Clients running conferencing applications such as DataBeam's own FarSite, Intel Corp.'s ProShare and Microsoft's NetMeeting can take further advantage of the conferencing features. They may join in whiteboard-style annotations, document editing and live presentations in addition to the basic threaded conferencing.

Network managers install the neT.120 Conference Server as a link to a corporate Web site. One server supports hundreds of conference participants. Add-on functions include links to Microsoft Open Database Connectivity databases, remote management tools, and test and maintenance applications; developers can write their own enhancements and add-ons, such as Java applets, to customize a conference facility.

The neT.120 Conference Server is available in versions for Solaris 2.5 and Windows NT Server; it works with any HTTP server that supports CGI scripting.

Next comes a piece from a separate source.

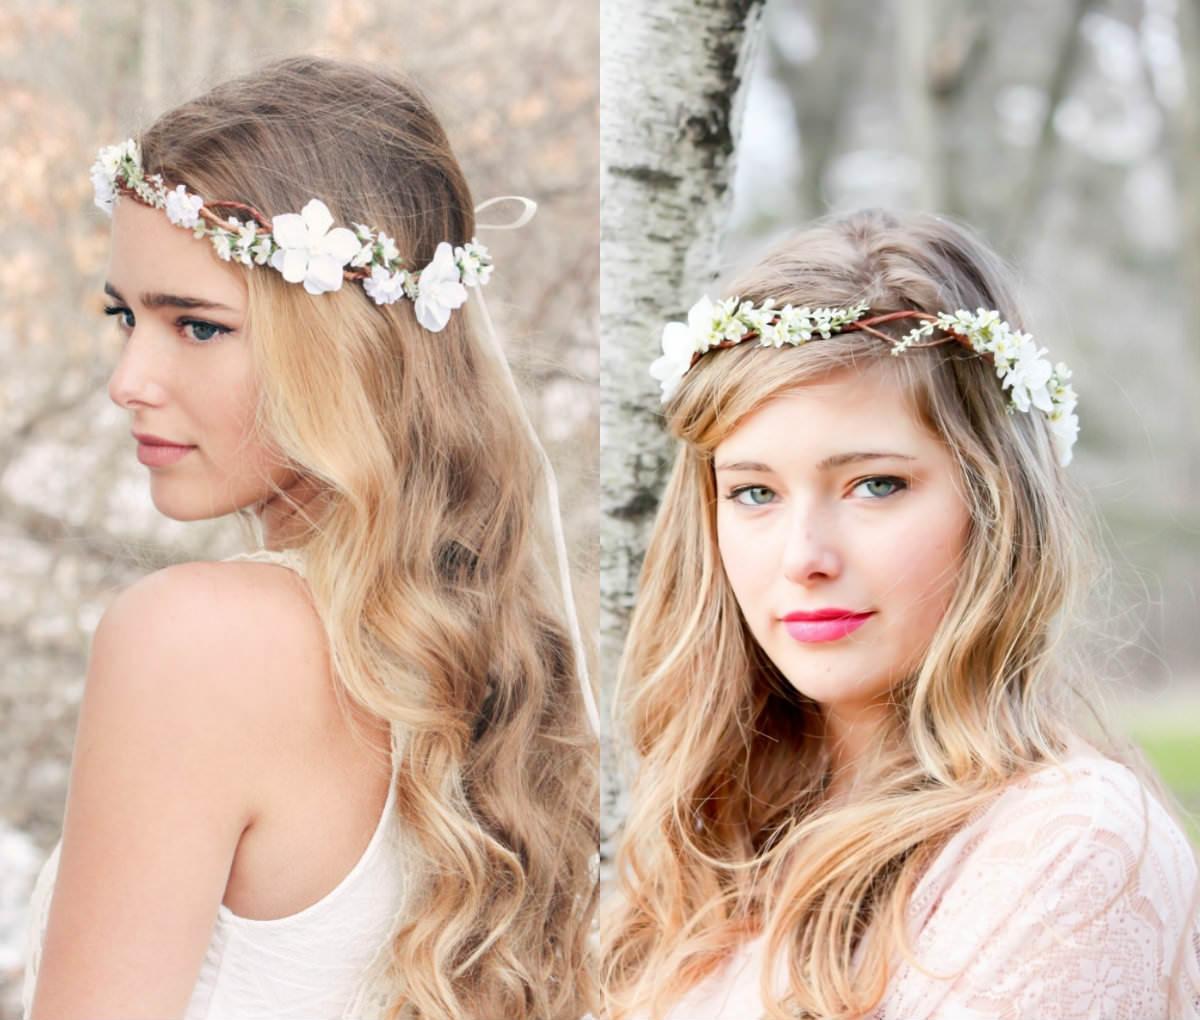 thin-flower-crown-bridal-hairstyles

License prices begin at $495 for a server and support for eight concurrent users; a free evaluation version is available from the company's Web site.

Web servers

Products are pairing and blending, as intranet developers determine the essentials for the well-run Web server. Folio Corp. (folio.com) recently released Folio siteDirector, its Web server that pairs with the Folio data manager to collect and display information in HTML format. The update is being followed by a new version of the Folio infobase builder.

Folio siteDirector 3.0 is the newest version of the product originally called Infobase Web Server. However, siteDirector provides Web management functions and tighter integration with the infobases generated by the Folio flagship product than a standard Web server.

Folio 4.0, the newest update to the infobase builder, is scheduled to ship by year-end. It adds support for ActiveX controls and builds in management options to set access and keep usage records, as needed for intranet or Internet access, says Jay Fiore, Folio's corporate marketing director.

Folio builds infobases by indexing and sorting documents and data files, which can be retrieved by free-form queries. Used with siteDirector, infobase queries can be executed via a browser. Folio siteDirector translates infobases to HTML as needed. It uses Microsoft's Internet Server API and CGI.

Folio siteDirector includes editing tools for Web pages, and supports HTML 3 and HTML extensions such as enhanced graphics and frames, as well as Java scripts. It also generates a dynamic table of contents for a Web site and can map file locations.

Prices for Folio 4 vary with the license configuration, but start at $295 for a single-user client license and $1,995 for the infobase builder component. Folio siteDirector 3.0 is priced at $9,995.

Also in the world of search tools, Inference Corp. (inference.com) has updated CasePoint WebServer, which can browse and search databases created and indexed by Inference's content manager. It also now integrates with standard firewalls for secure access over the Internet.

CasePoint WebServer has a point-and-click interface for making queries and managing data resources. It uses case-based technology to offer free-form searches that consider context and ref erences for nested searches. It has been deployed in help desk, customer support and sales information applications, the company says.

Inference and Trusted Information Systems, Inc. (tis.com) have shared technology, so CasePoint WebServer can integrate with the TIS Gauntlet family of firewall software, which supports cryptology and security.

The product is available in versions for OS/2, Sun Solaris and Windows NT Pricing is $3,500 per concurrent user or connection, to a maximum of $100,000 per server for unlimited access.

Web server developer O'Reilly & Associates, Inc. (statisphere.ora.com) is now shipping Statisphere, a Web traffic cop that tracks, graphs, and reports on server activity.

The analysis tool runs on Windows NT or Windows 95 and can analyze log files from most Web servers, including Macintosh and Unix systems. Statisphere generates real-time graphs and updates system statistics every minute.

The program can track the number of users that visit a site by day, week or month; determine the most frequently visited sections; identify links to referring sites; and measure traffic during peak periods. It can simultaneously monitor up to 16 servers, and generate logs for each. Statisphere is priced at $399.